Varianten der Transformer-Architektur¶
BERT (Bidirectional Encoder Representations)¶
BERT uses only the encoder part and trains bidirectionally using masked language modeling:
- Randomly masks 15% of tokens in input sequence
- Learns to predict masked tokens based on entire context
- Excellent for text understanding tasks (classification, NER, QA)
GPT (Generative Pre-trained Transformer)¶
GPT uses only the decoder part with causal masking:
def create_causal_mask(seq_len):
"""Creates mask for autoregressive generation"""
mask = torch.tril(torch.ones(seq_len, seq_len))
return mask.unsqueeze(0).unsqueeze(0) # [1, 1, seq_len, seq_len]
This mask ensures that when predicting token at position i, the model sees only tokens at positions 0 through i-1.
Grundlegende Transformer-Implementierung¶
class TransformerBlock(nn.Module):
def __init__(self, d_model, num_heads, d_ff, dropout=0.1):
super().__init__()
self.attention = MultiHeadAttention(d_model, num_heads)
self.norm1 = nn.LayerNorm(d_model)
self.norm2 = nn.LayerNorm(d_model)
self.feed_forward = nn.Sequential(
nn.Linear(d_model, d_ff),
nn.ReLU(),
nn.Linear(d_ff, d_model)
)
self.dropout = nn.Dropout(dropout)
def forward(self, x, mask=None):
# Self-attention with residual connection
attn_output = self.attention(x, x, x, mask)
x = self.norm1(x + self.dropout(attn_output))

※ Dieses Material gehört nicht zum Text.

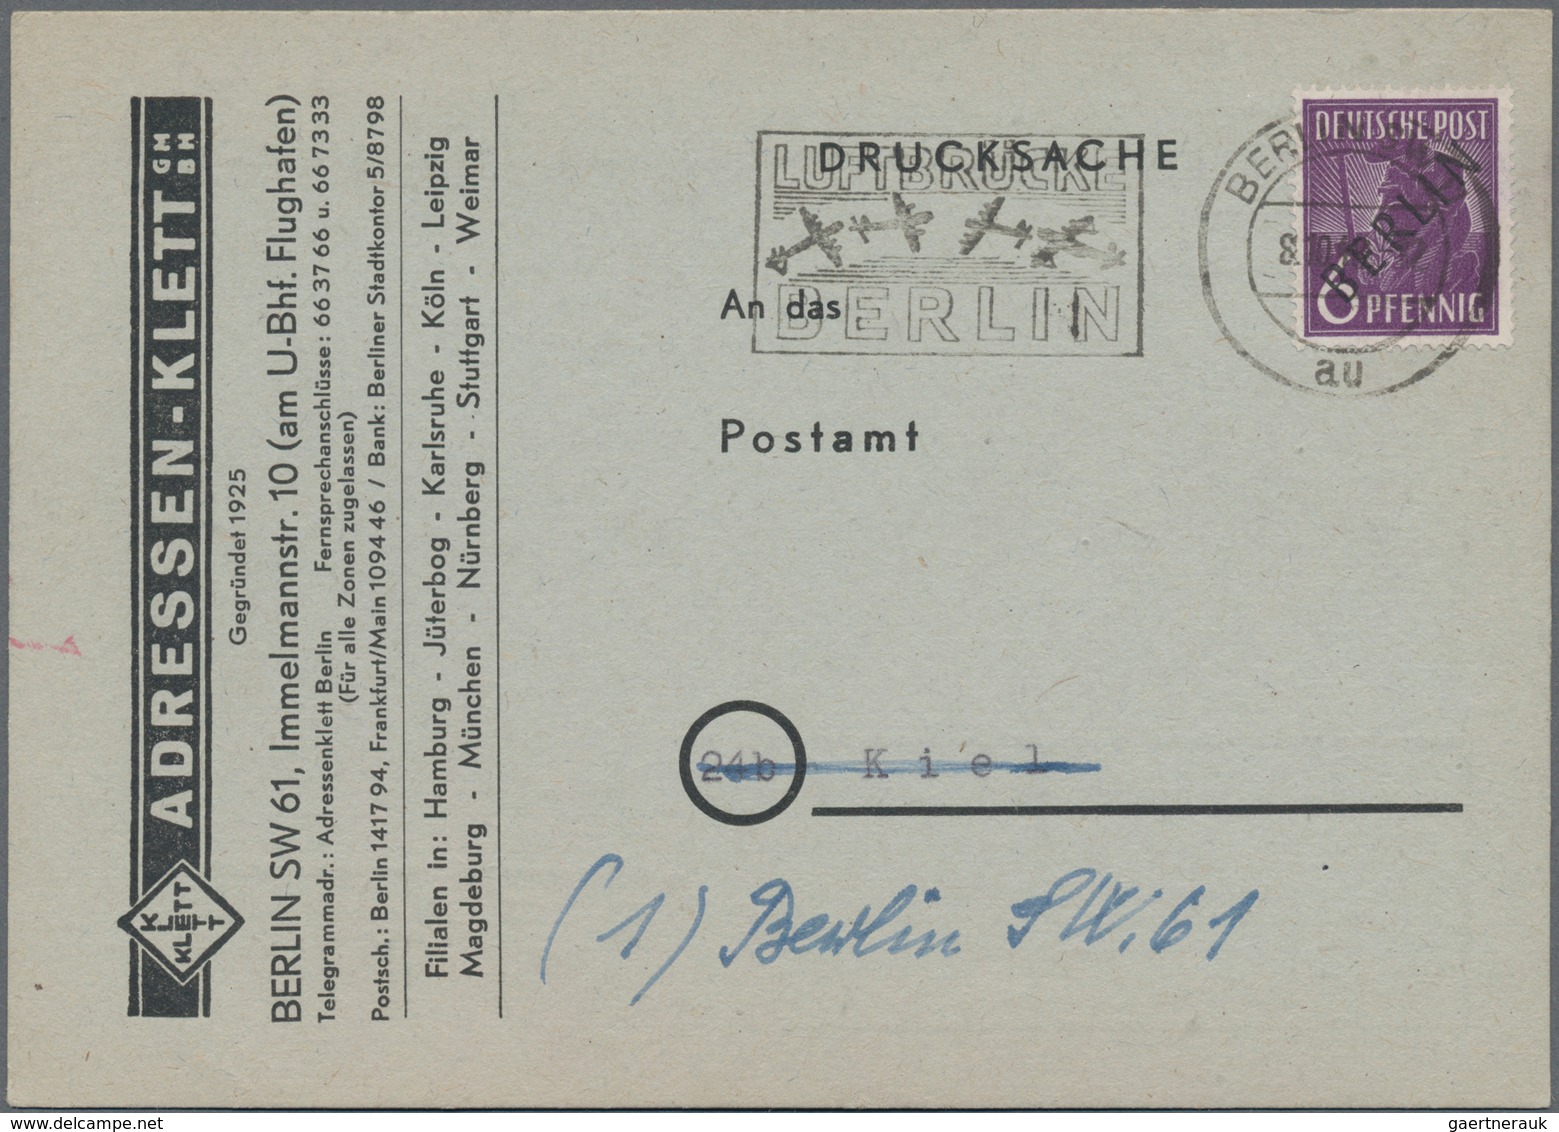 Berlin: 1948, 6 Pf. Schwarzaufdruck Mit Masch.Stpl. BERLIN SW 61 / 8.10.48 Auf Vorgedruckter Anschri - Briefe U. Dokumente

# Feed-forward with residual connection
ff_output = self.feed_forward(x)
x = self.norm2(x + self.dropout(ff_output))
return x
Vor- und Nachteile¶
Vorteile:¶
- Parallelization - unlike RNN, all positions can be trained simultaneously
- Long dependencies - attention mechanism enables direct connection of distant positions
- Interpretability - attention weights provide insight into what the model focuses on
- Transfer learning - pre-trained models can be fine-tuned for specific tasks
Nachteile:¶
- Computational complexity - O(n²) with respect to sequence length
- Memory requirements - attention matrix grows quadratically
- Data requirements - requires large amounts of training data for good performance
Zusammenfassung¶
Die Transformer-Architektur stellt einen grundlegenden Fortschritt in der Sequenzverarbeitung dar. Ihre Schluesselinnovationen - Self-Attention-Mechanismus und Parallelisierbarkeit - ermoeglichten die Entwicklung fortgeschrittener Modelle wie GPT, BERT und deren Nachfolger. Fuer die Praxis ist es wichtig zu verstehen, dass verschiedene Varianten (Encoder-only, Decoder-only, Encoder-Decoder) fuer verschiedene Aufgabentypen geeignet sind. Waehrend die Implementierung komplex sein kann, sind die Prinzipien elegant und bieten eine solide Grundlage fuer das Verstaendnis moderner KI-Systeme.